Dari semua pemaparan dan strategi-strategi di atas, menurut saya yang
paling penting adalah yang paling sederhana yaitu ‘jangan lupa bahagia’. Di
tahun 2016 sekolah Komprehensif Finlandia menerapkan kurikulum inti Finlandia
terbaru, dimana kebahagian diberi tempat utama sebagai suatu konsep
pembelajaran.
2. Kekurangan
Mengingat model penulisannya yang naratif sekali (hanya tulisan tidak ada
gambar) mungkin ada beberapa yang cepat lelah untuk menyimak isi buku.
Tapi ini buku yang asik, untuk saya yang tidak suka membaca saja terlarut
dalam buku karya Timothy D. Walker ini. Akan lebih mudah kalau ada
poin-poin singkatnya sebagai ringkasan misalnya untuk yang lelah
membaca buku yang isinya 190 halaman ini.
D. Kesimpulan
Pada bab pertama ‘KESEJAHTERAAN’ Di sekolah perlu diupayakan
bagaimana membuat siswa agar selalu merasa nyaman dan segar baik fisik,
mental, maupun tempat/lingkungan belajarnya. Buku ini bercerita bahwa sekolah
Finlandia telah membuktikan, untuk meraih sukses itu tidak harus dengan bekerja
cepat atau menjadi ‘workaholic‘. Namun, berjalan dengan irama santai pun bisa
mengantarkan anda menuju kesuksesan. Bahkan tidak hanya sukses, namun juga
bahagia.
Pada bab kedua ‘RASA DIMILIKI’ saya merasakan kehangatan,
keakraban, dan kekeluargaan yang kental antara guru dengan peserta didik, antar
sesama guru, juga antar sesama siswa.
Pada bab ketiga ‘KEMANDIRIAN’, saya meerasakan kelas yang benar-
benar “hidup” sebab para siswa begitu antusias dan semangat mengikuti
pembelajaran. Mereka memiliki inisiatif untuk berproses mencapai tujuan yang
telah direncanakan.
Bab keempat membahas tentang ‘PENGUASAAN’. Di sini dijelaskan
bahwa manusia akan bahagia jika ada satu hal yang ia kuasai. Dalam konteks
pembelajaran, maka peserta didik akan bahagia jika mampu menguasai sebuah
pembelajaran. Poin pentingnya adalah menunjukkan keterkaitan antara kurikulum
dengan kehidupan nyata, sehingga para siswa memahami manfaat pelajaran yang
diterima. Dengan demikian, mereka memiliki inisiatif dan antusiasme yang tinggi
untuk belajar.
Menurut saya pada bab kelima ini merupakan kunci dari seluruh strategi
yang telah dipaparkan pada keempat bab sebelumnya, yaitu ‘POLA PIKIR’.

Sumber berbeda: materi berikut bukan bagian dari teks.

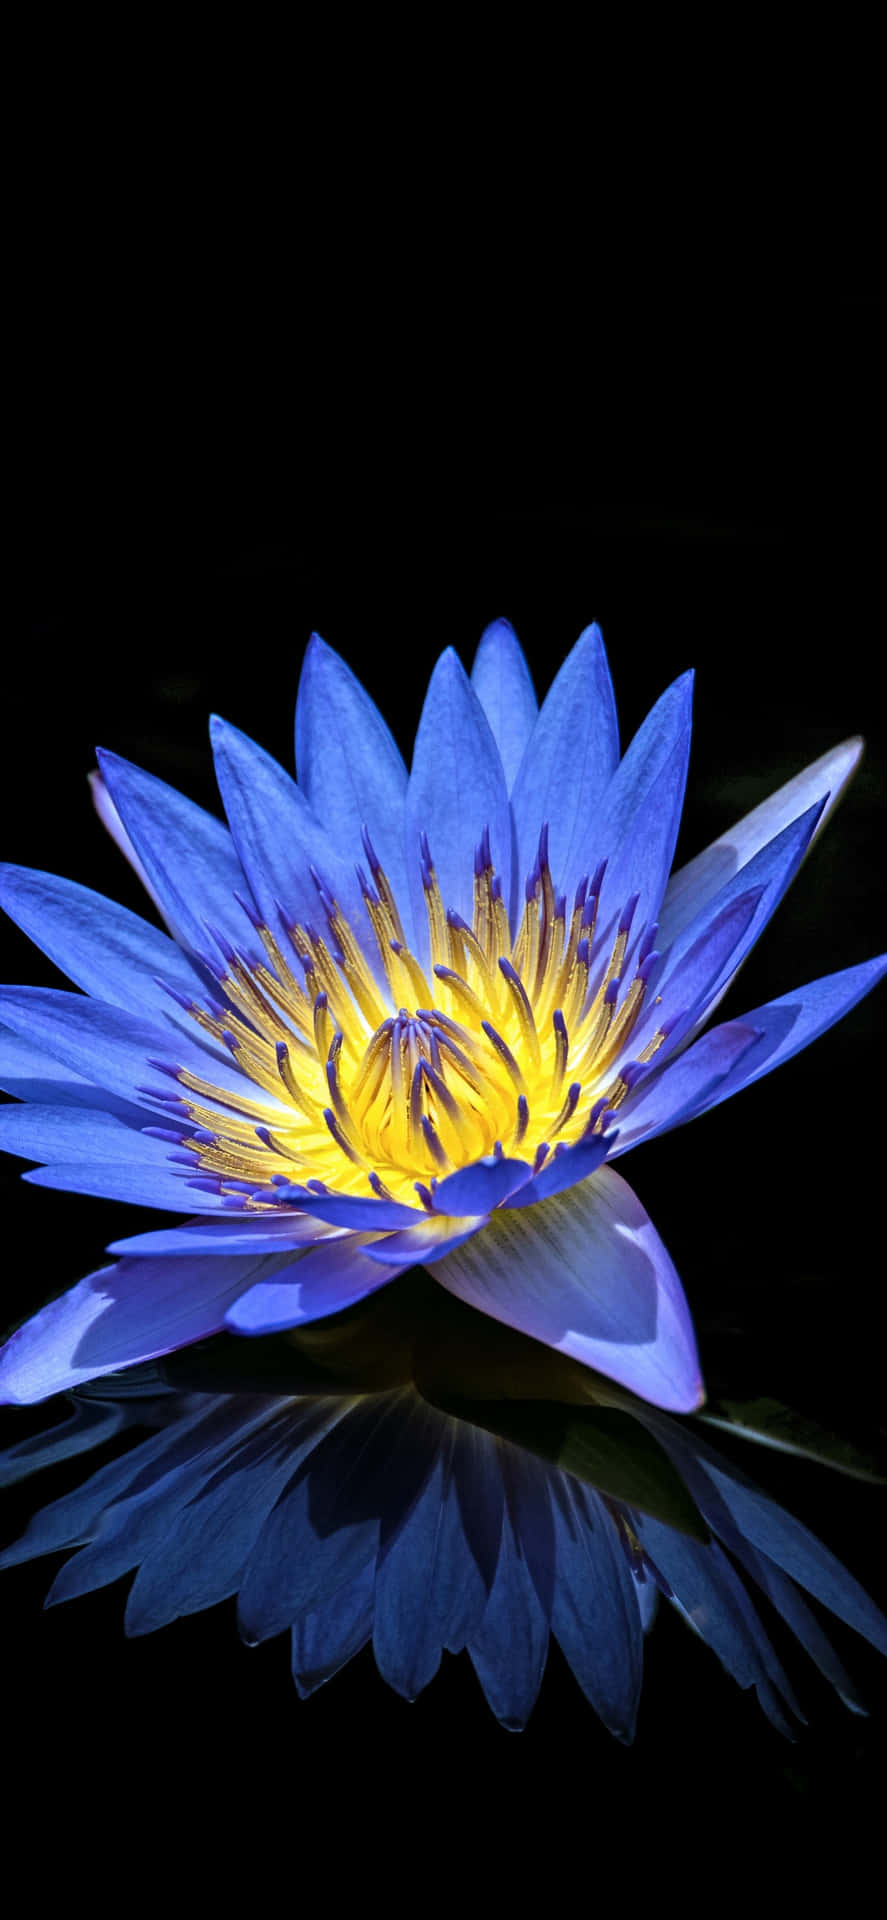 Imagens De Lotus

Untuk mampu membiasakan diri bekerja ala guru Finlandia, yang kita butuhkan
adalah mengubah pola pikir dari kompetisi menjadi kolaborasi.

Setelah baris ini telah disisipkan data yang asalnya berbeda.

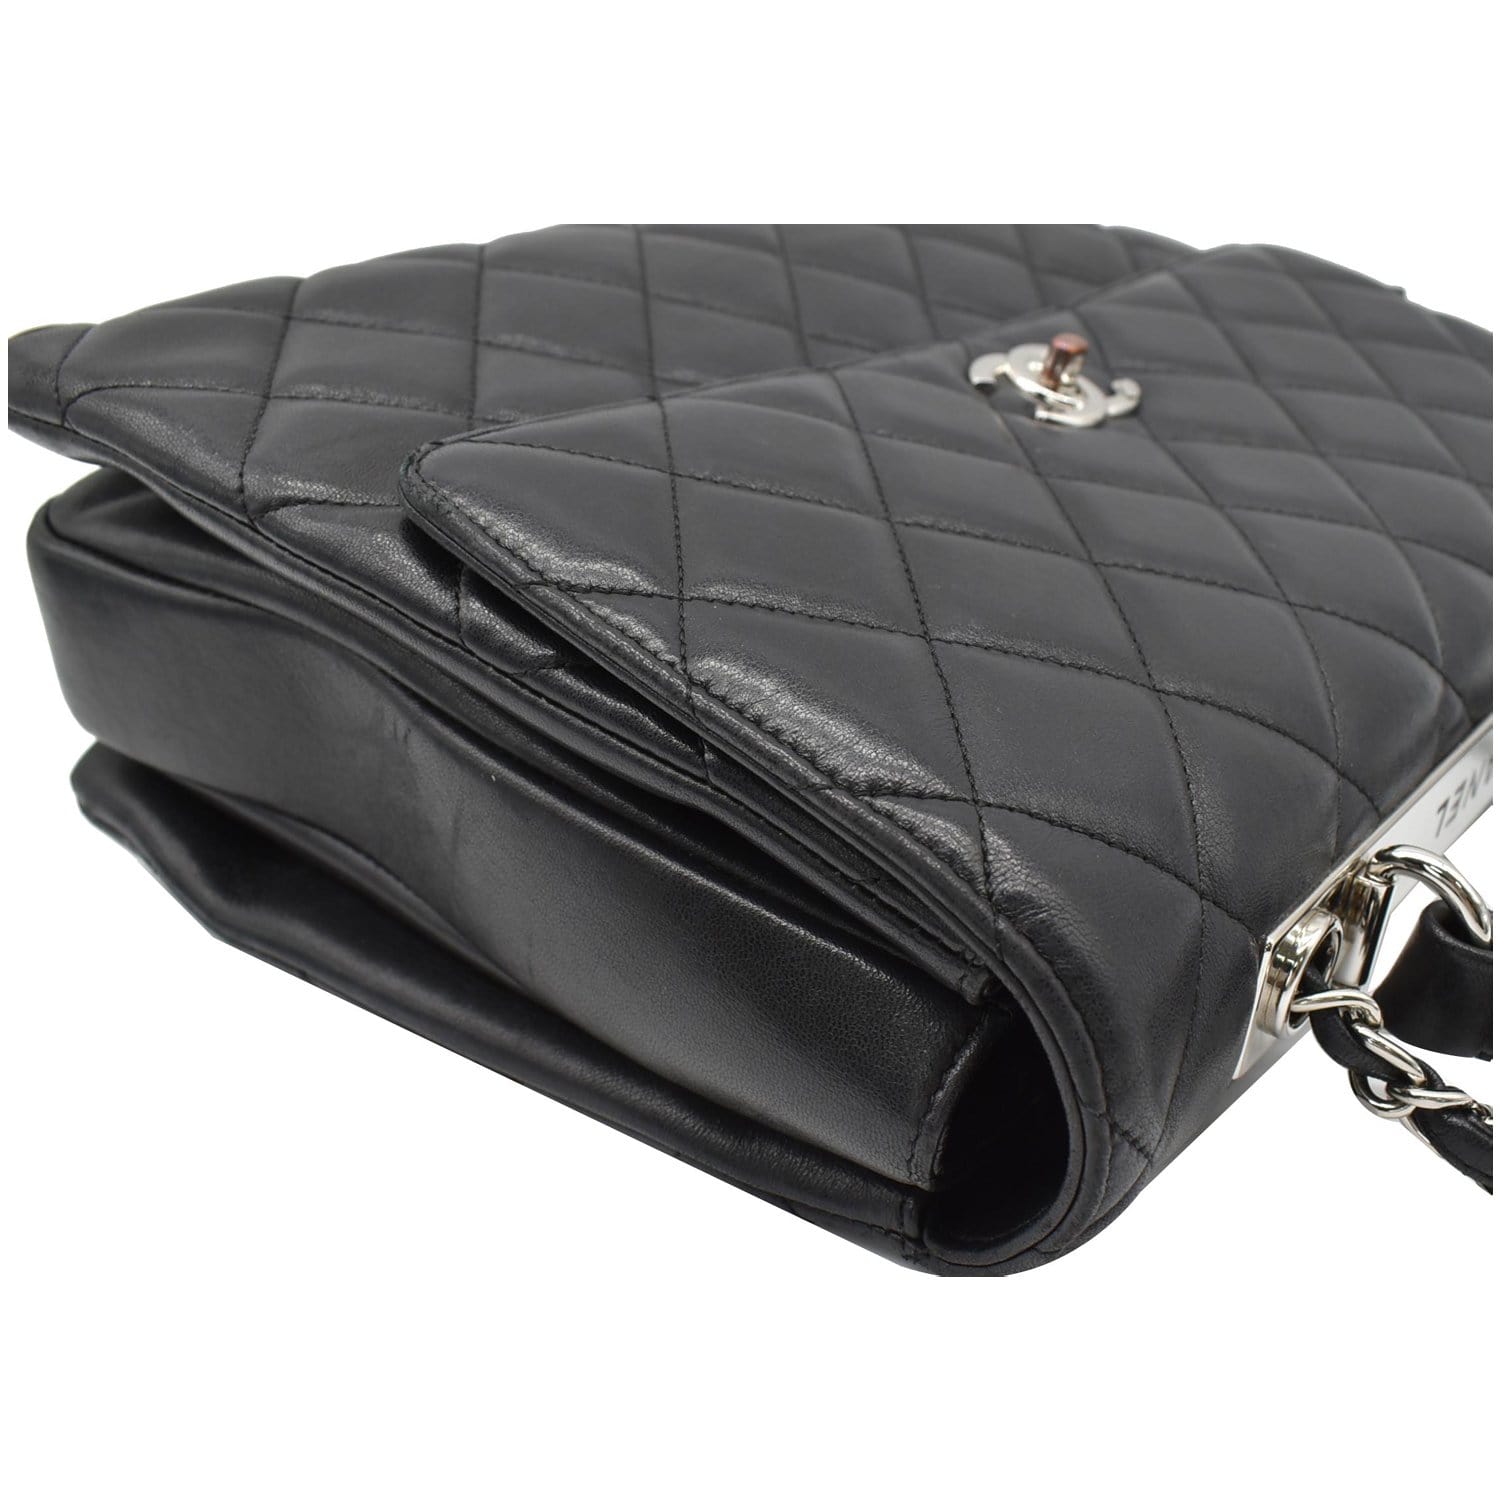 Chanel Trendy CC Bag, Metallic Gray Leather

Dan, inti dari strategi menciptakan proses belajar yang menyenangkan
sekaligus sukses adalah menempatkan ‘KEBAHAGIAAN’ sebagai prioritas
utama.
Kita tidak bisa mengikuti sistem pendidikan di Finlandia, tetapi kita bisa
belajar dari situ. Mengadopsi sebuah sistem pendidikan dari suatu tempat tidak
semudah seperti yang tertuang dalam banyak tulisan. Ada banyak faktor yang
mempengaruhinya, budaya, kebiasaan, dan lain-lain.
E. Saran
Buku ini sangat recomended!!!
Saya sungguh tidak menyesal dulu sudah membeli buku ini. Hanya saja
saya menyesal karena tidak membaca-baca buku ini dari pertama saya beli.
Setelah saya baca, saya terlarut untuk menyelesaikan buku ini sehingga paham
apa tujuan Timothy D. Walker menuliskannya.

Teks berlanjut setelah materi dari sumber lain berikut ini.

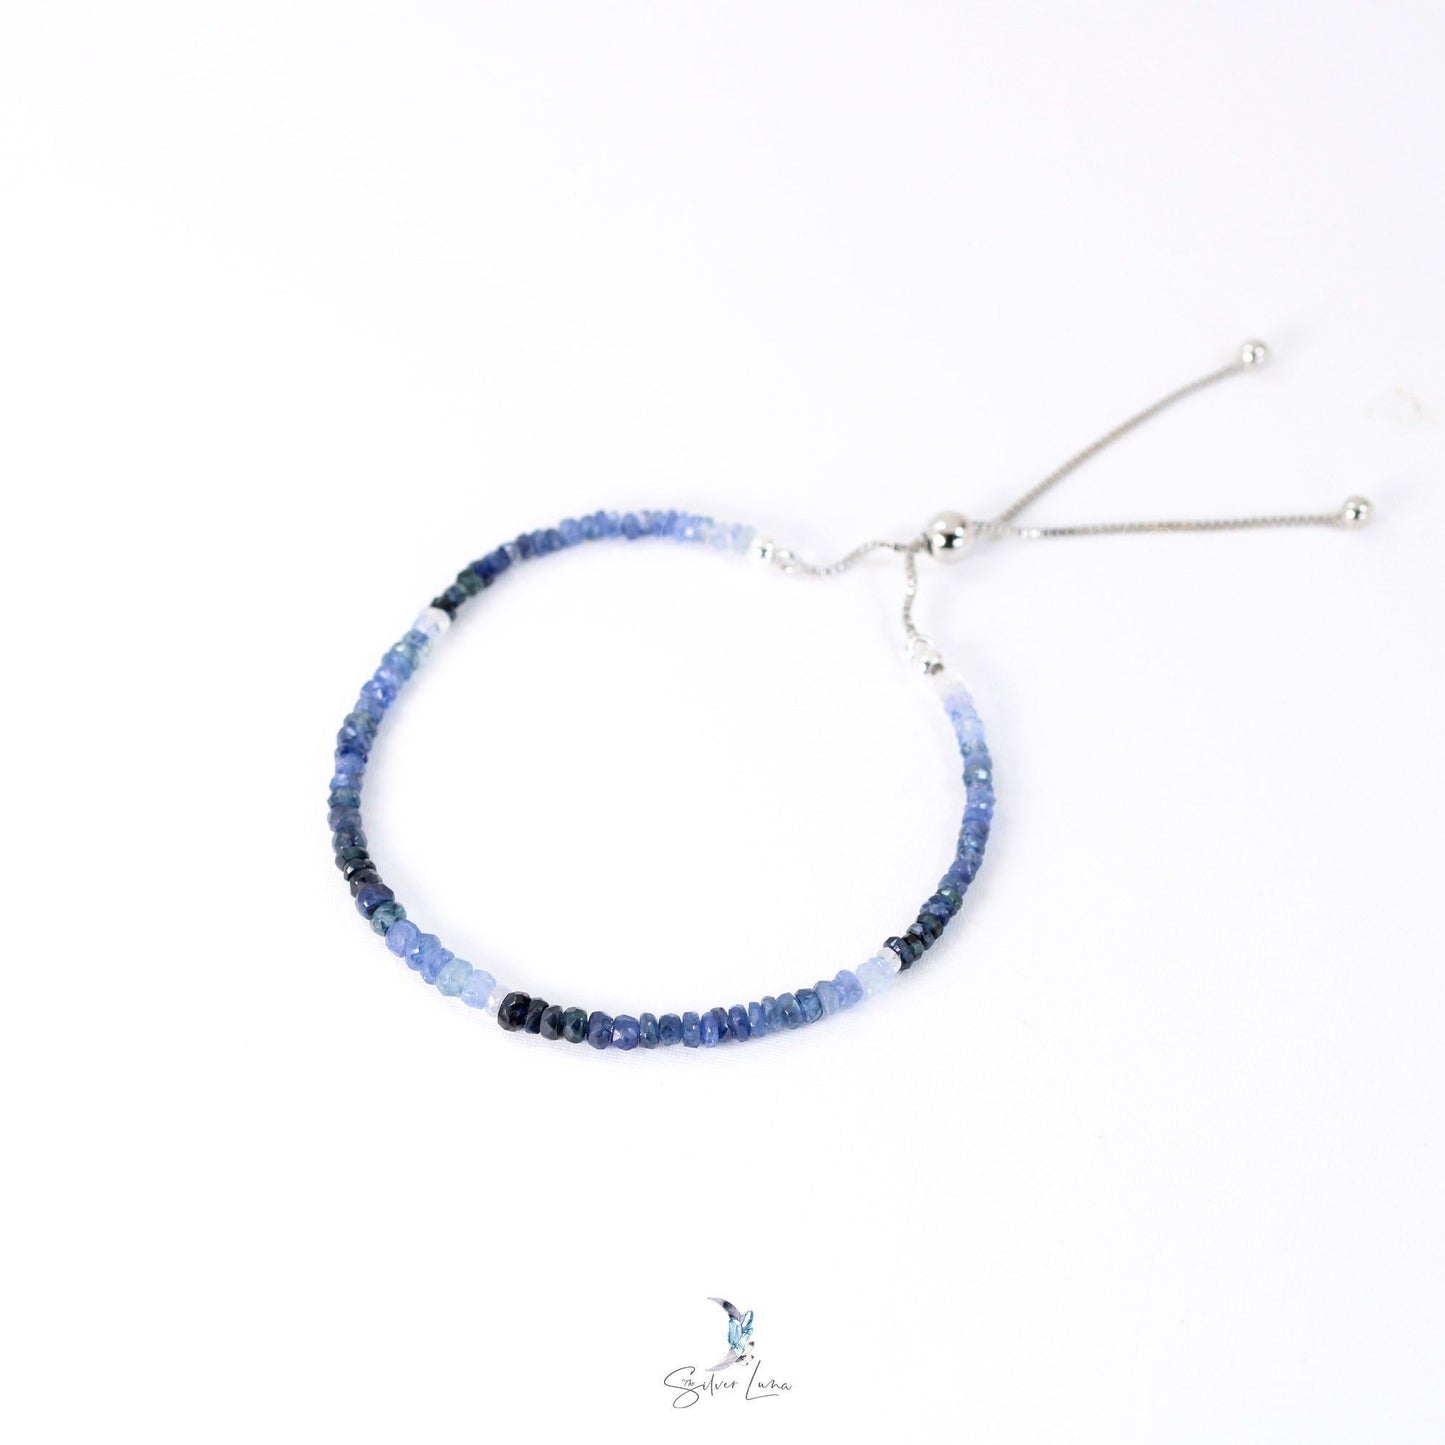 blue sapphire gemstone bracelet

Untuk siapapun yang membaca review buku ‘Teach Like Finland’ ini.
Buku ini saya rekomendasikan kepada semua orang terutama yang peduli pada
dunia pendidikan, yang ingin mengetahui dan mendapatkan solusi model
pendidikan yang lebih mandiri dan terbimbing untuk peserta didiknya serta
membawa kebahagiaan pada mereka semua yang terlibat di dalam kegiatannya.
Buku ini tidak cuma berisi teori, tapi juga cara pengaplikasian, dan dibawakan
dalam gaya penulisan yang luwes serta diterjemahkan ke dalam bahasa Indonesia
pula dengan baik karena buku yang saya baca ini adalah buku terjemahan.